The role of the maritime media is very crucial and it is very difficult to measure the impact of the sector without the maritime media. I can’t think of another sector where the reporters make constant reportage of the sector like the maritime industry. You hardly see the impact of the journalists in Banking or Manufacturing sectors like Maritime. I want to sincerely appreciate the advancement and significant contributions you have made as journalists.
When the new executive management came in, we had to look at the mandate of the agency. We noted that we had to simplify the entire strategy into 3S. Maritime Security, Maritime Safety and Shipping Development. Under each gamut, we tried to evaluate what has been done so far and the next steps to take.
We received a letter from the Presidency via the Ministry for a complaint that a vessel was attacked and they alleged that the Nigerian Navy didn’t respond to them. This came in on May 8, 2020. On May 19, 2020, we received another letter from the Secretary to the Government of the Federation (SGF) warning us that multinational companies trading on Nigerian waters like INTERTANKO, and other oil companies threatened to protest if we didn’t show seriousness in tackling our maritime security challenges within the nation’s territorial waters. We also responded to that and began to stem the trends of events.
Recall that the President, Muhammadu Buhari in June 2019 signed the Suppression of Maritime and other related Offences (SPOMO) Act into law. This is also known as the Anti-piracy Act which has set Nigeria apart as one of the few countries with a separate law to deal with piracy. The first thing we did was to develop guidelines and try to gazette the Act because in the past, we couldn’t try criminals without the Act.
We also proceeded to synergize our relationship with security agencies with similar functions. NIMASA doesn’t carry weapons, so whatever we had to do in terms of arrest of criminals has to do with intelligence gathering and working with the Nigerian Navy and Police. You would have observed that in the last two weeks I have visited the leadership of Nigerian Navy and Nigerian Police. We had very qualitative output which led to arrests of criminals. Prior to now, we haven’t had any arrest of pirates since 2016 and this gave the international community the impression that we weren’t serious in the fight against piracy.
Following the recent efforts and collaboration with the Nigerian Navy, we arrested ten pirates and foiled a lot of attacks. In some instances the pirates abandoned the ships and ran away. We also recorded seventeen additional arrests by the Nigerian Police. This makes a total of twenty-seven pirates arrested in the last one month. The persecution of these pirates with the SPOMO would begin next week. This development has already sent a good signal to the international community which led to the appreciation letter from the United Nations via the International Maritime Organization (IMO). They affirmed that we are changing the narrative on the issue of maritime security in the country.

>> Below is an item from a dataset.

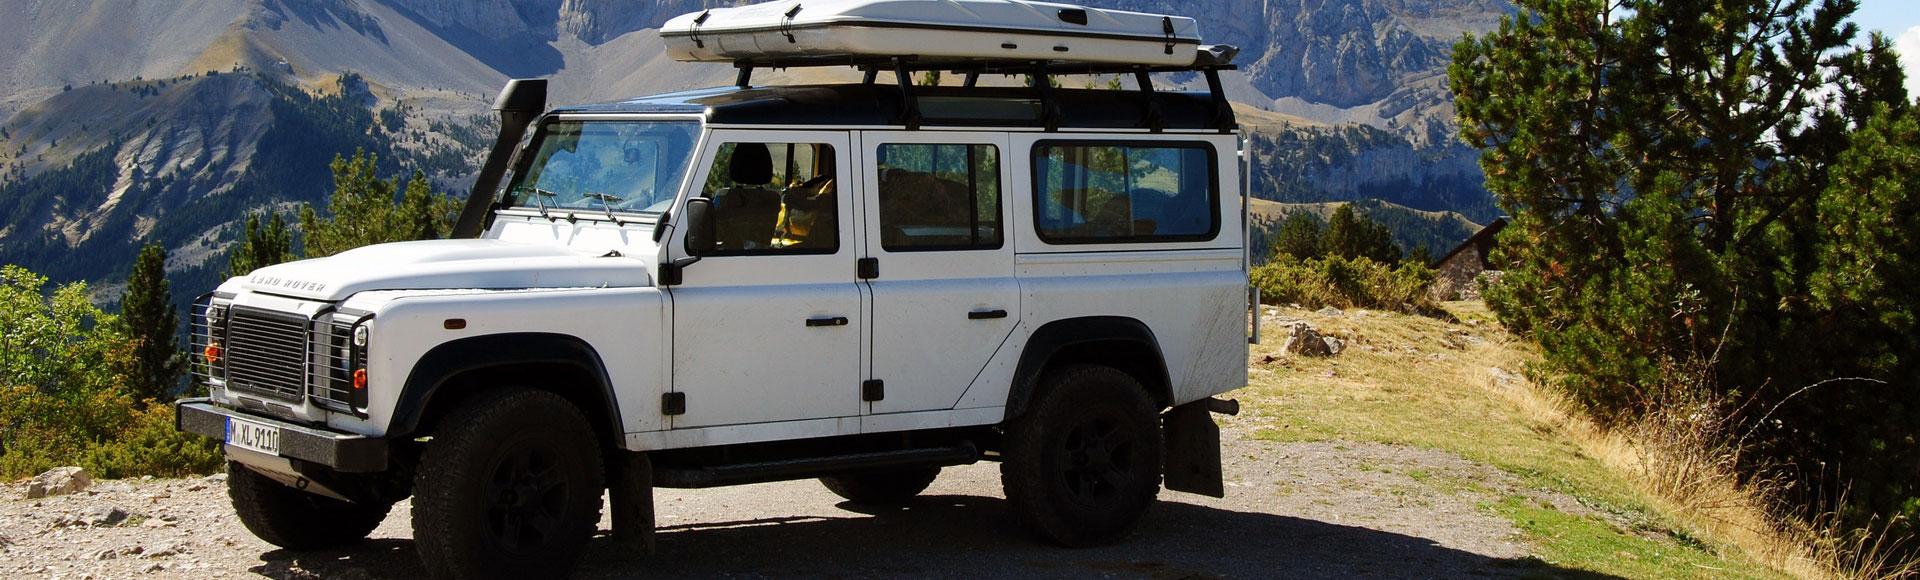 Land Rover Defender 2012 Sommer 3822

The major issues we have observed in Nigeria in terms of maritime security has to do with lack of platforms, lack of synergy and coordination among the players. The issue of lack of platforms started in 1996 when most of our platforms were dispatched to Liberia to assist in fighting the Liberian war. We were unable to maintain most of these platforms during the war and by 1996 these vessels returned as rickety buckets. As the nation’s economy grew and the need for revenue increased across various sectors, our budget reduced significantly. We started experiencing shortage of infrastructure and platforms needed to fight piracy.
When Obasanjo came into power in 1999, he introduced Piccups to bring in platforms with a mandate that NIMASA, Nigerian National Petroleum Corporation (NNPC) and Nigerian Ports Authority (NPA) would finance it.
That contract was about £213million and the company started work, procuring some ships, aircrafts and armoured vehicles. However, they couldn’t complete the operation because of issues that had to do with transparency and corruption. Another administration came in, scrapped Piccups and replaced them with Global West.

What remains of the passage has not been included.